───── MATERIAL SHOWN ─────

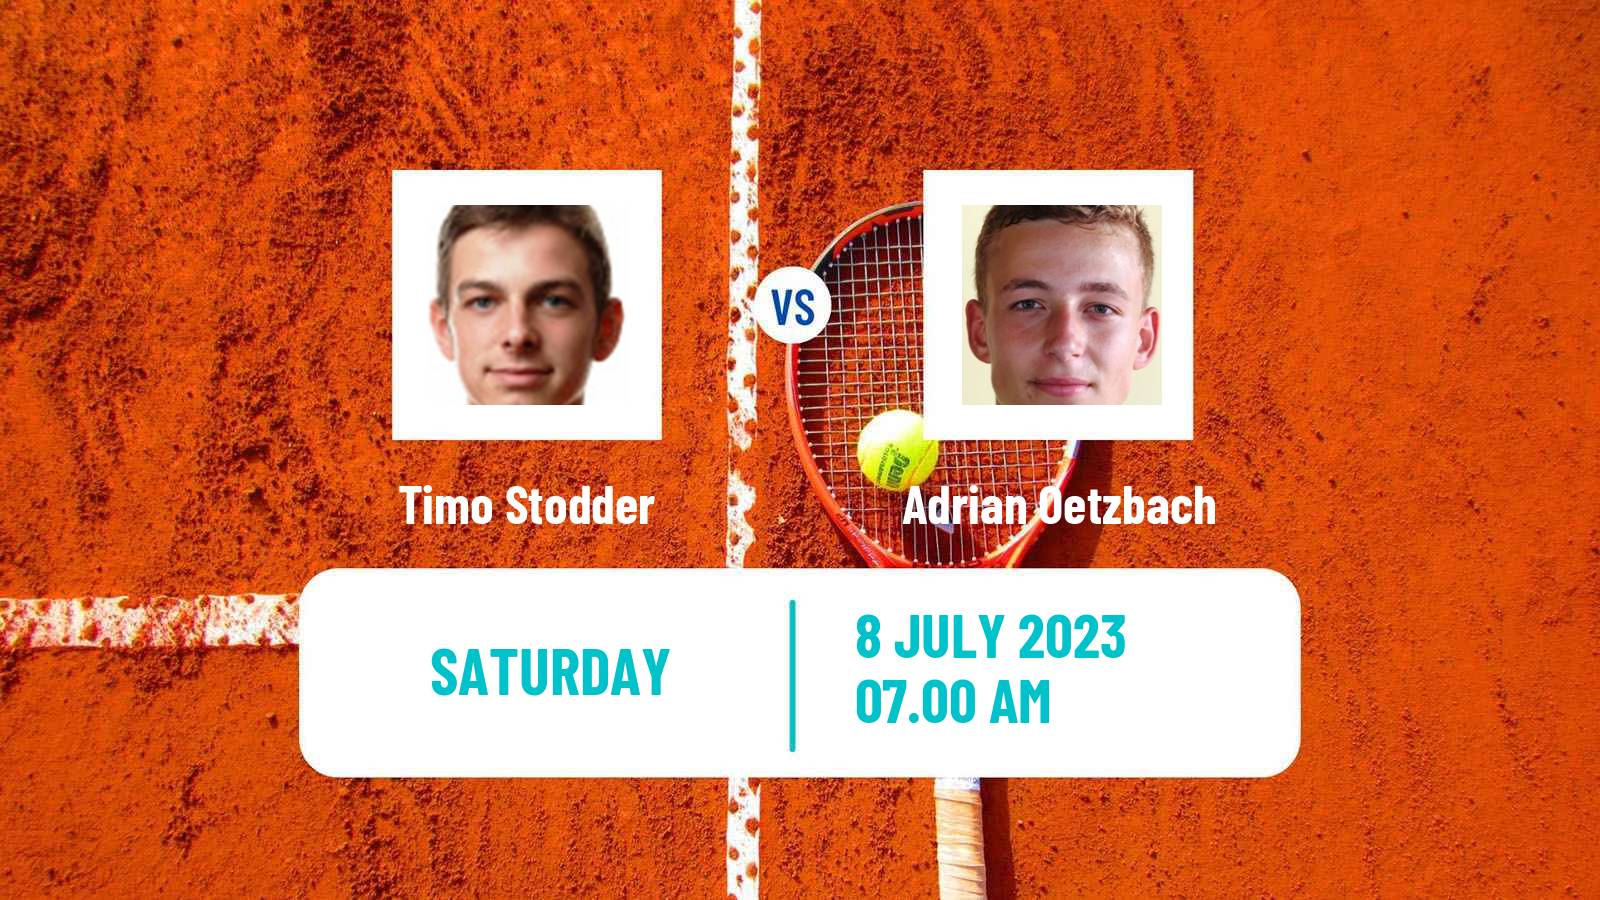 Tennis ITF M25 Marburg Men Timo Stodder - Adrian Oetzbach
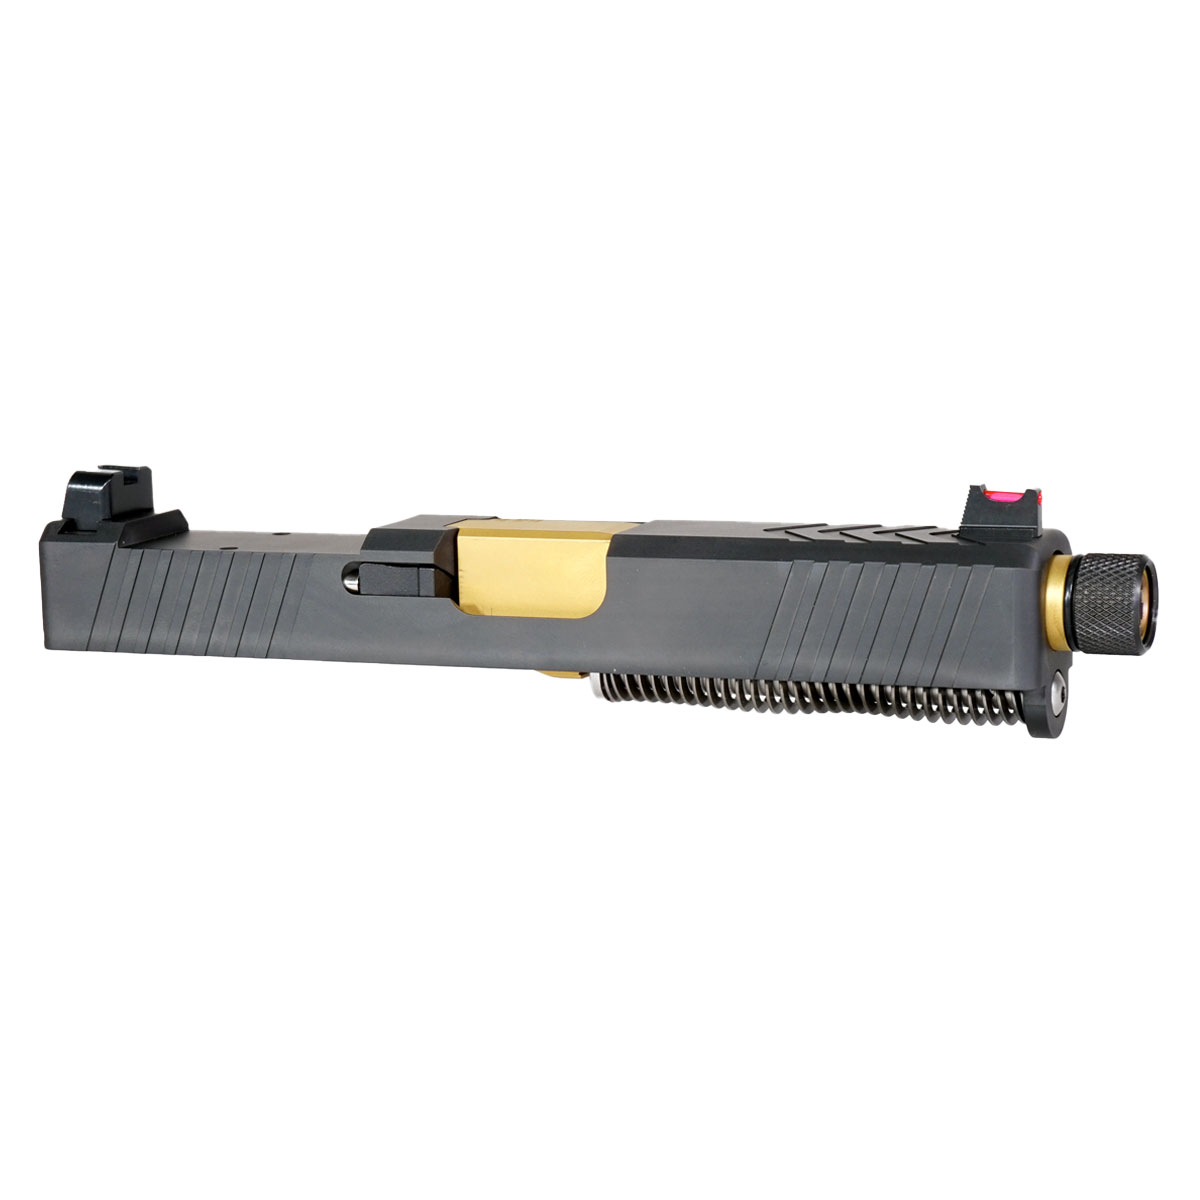 MMC 'Backmarker' 9mm Complete Slide Kit - Glock 19 Gen 1-3 Compatible
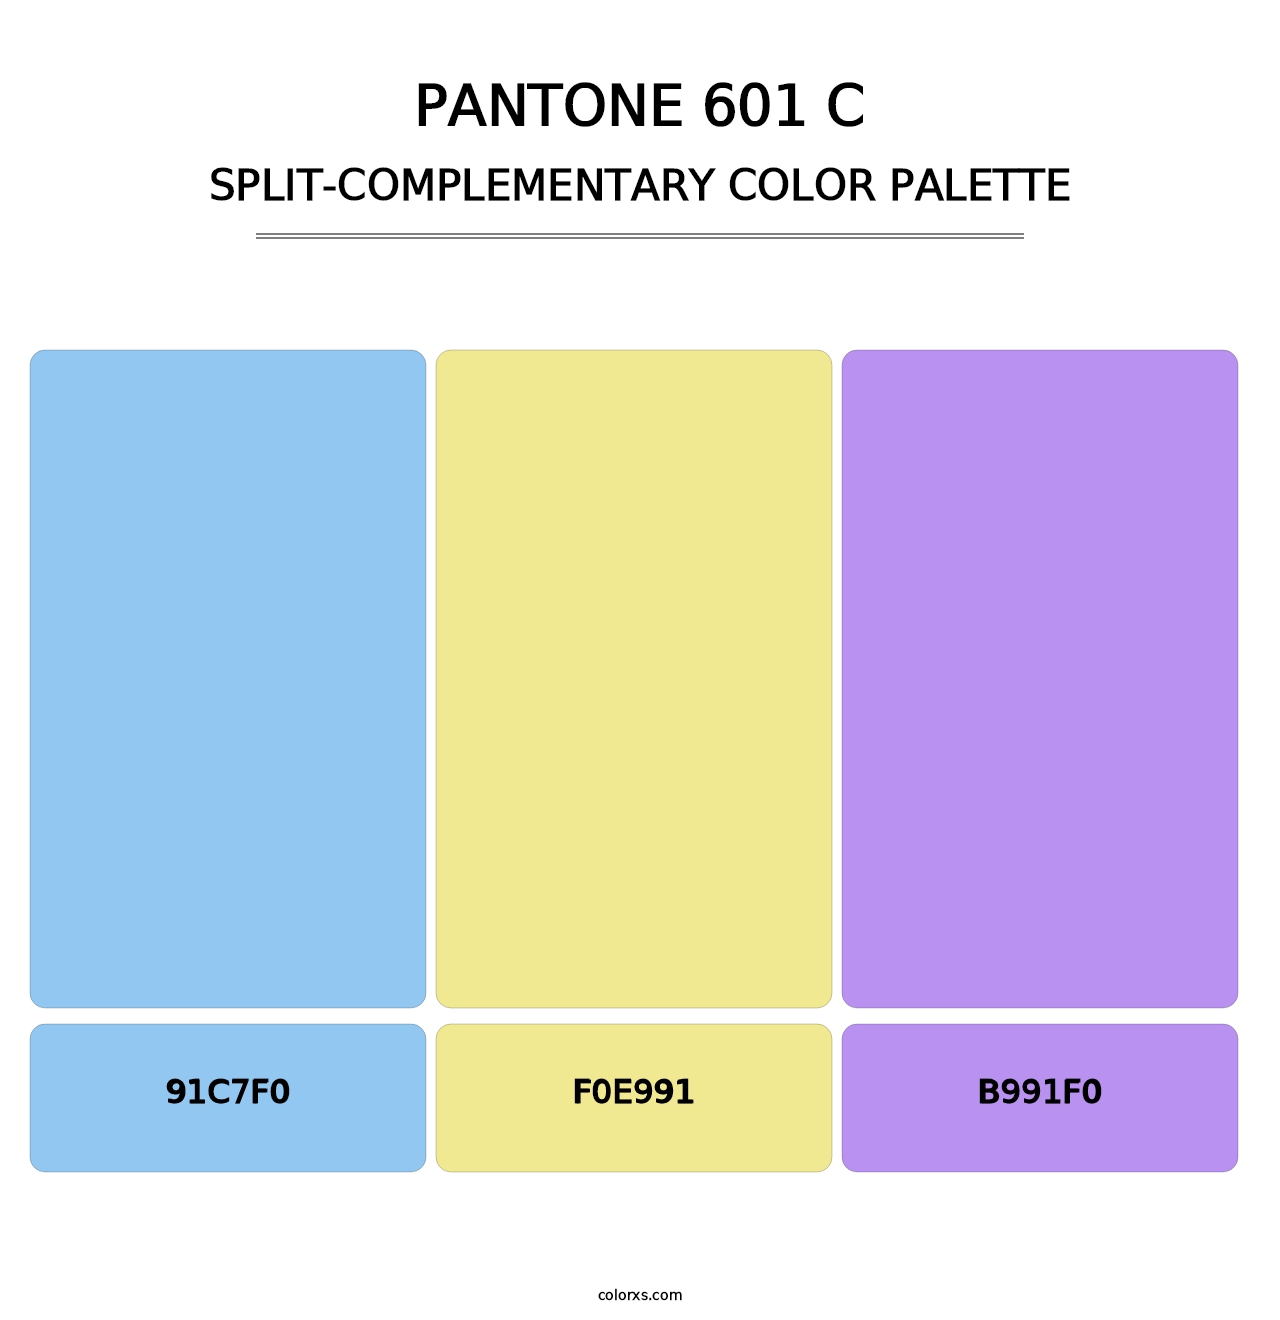 PANTONE 601 C - Split-Complementary Color Palette
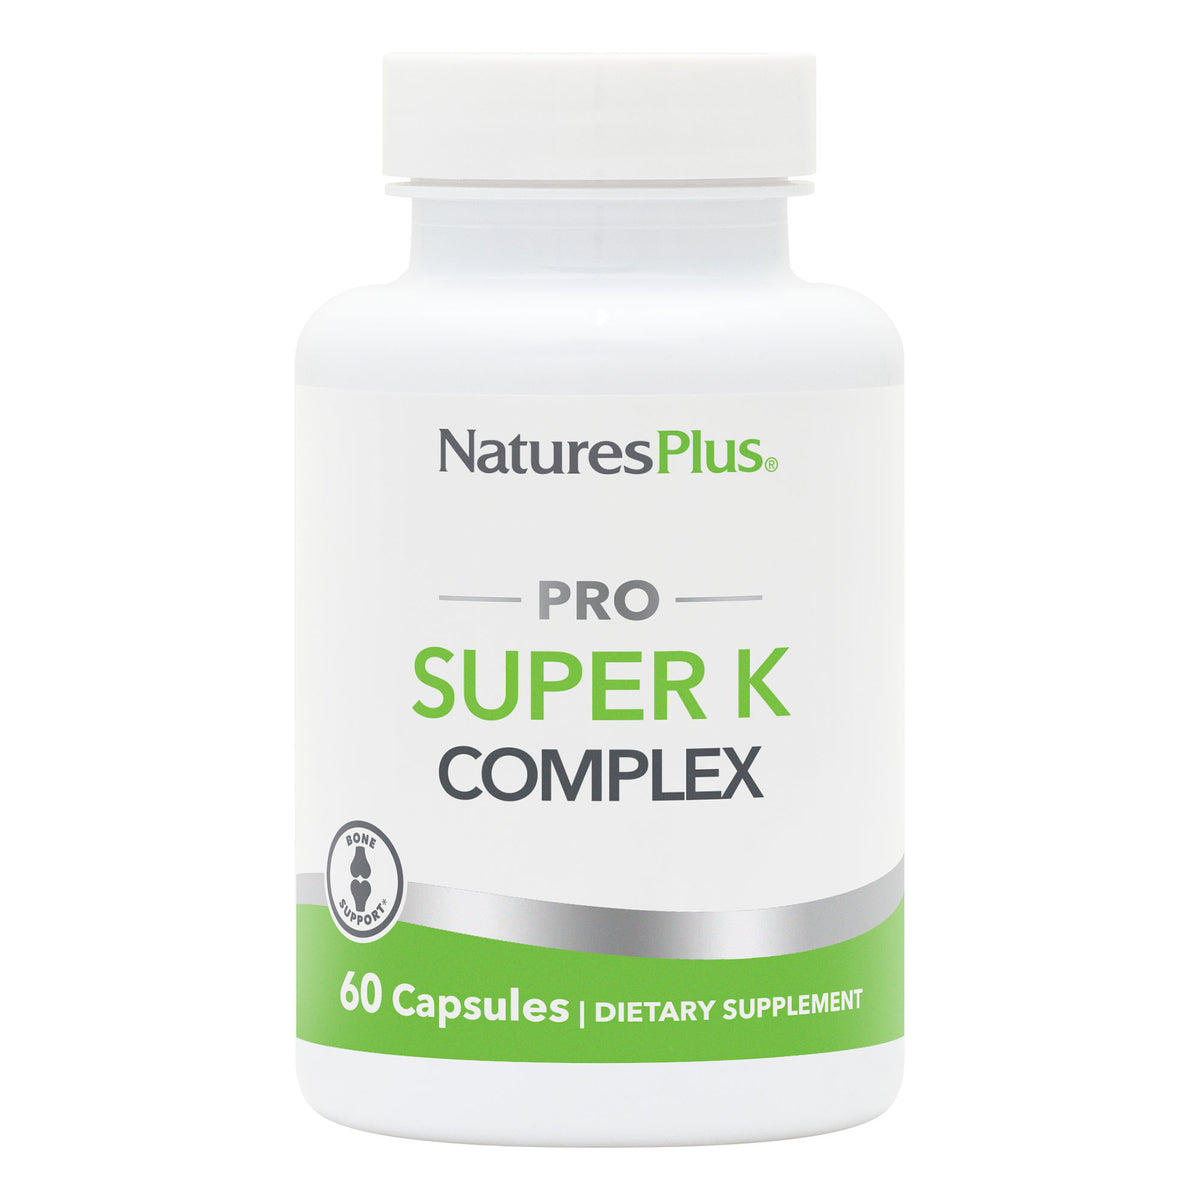 product image of NaturesPlus PRO Super K Complex Capsules containing 60 Count
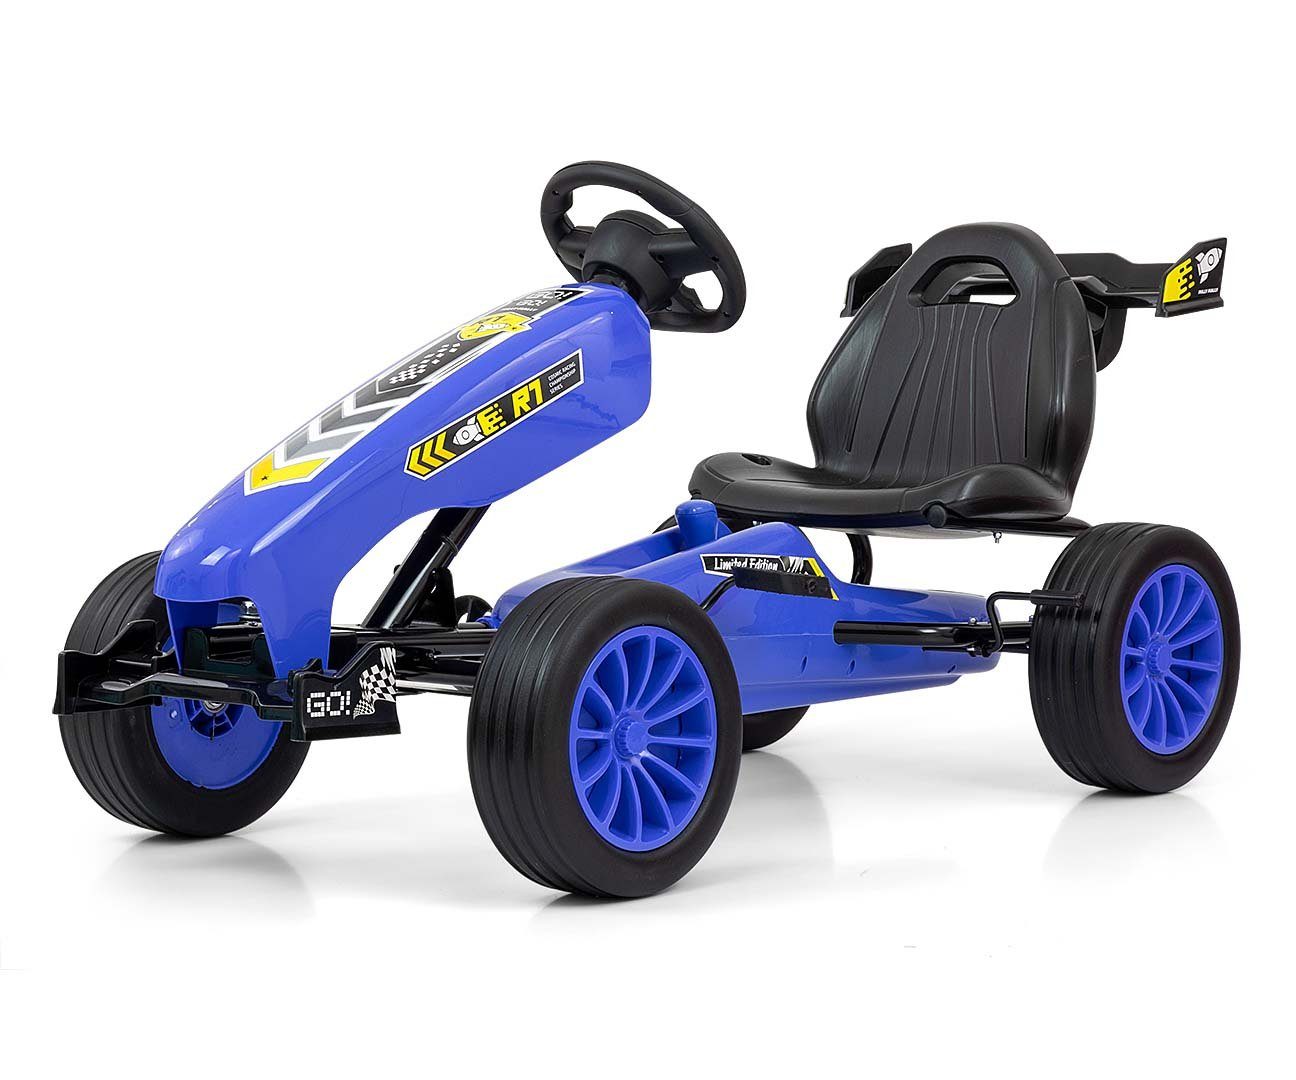 LeNoSa Go-Kart Pedalfahrzeug mit Handbremse verstellbarem Sitz • Freilauf-Funktion, Vorwärts-Rückwärtsgang

─────

Only the text of the entries above, transcribed exactly, should be given; leave out pictures.

## ANSWER BELOW
 Tennis ITF M25 Marburg Men Timo Stodder - Adrian Oetzbach
 MMC 'Backmarker' 9mm Complete Slide Kit - Glock 19 Gen 1-3 Compatible
 PANTONE 601 C - Split-Complementary Color Palette
 product image of NaturesPlus PRO Super K Complex Capsules containing 60 Count
 LeNoSa Go-Kart Pedalfahrzeug mit Handbremse verstellbarem Sitz • Freilauf-Funktion, Vorwärts-Rückwärtsgang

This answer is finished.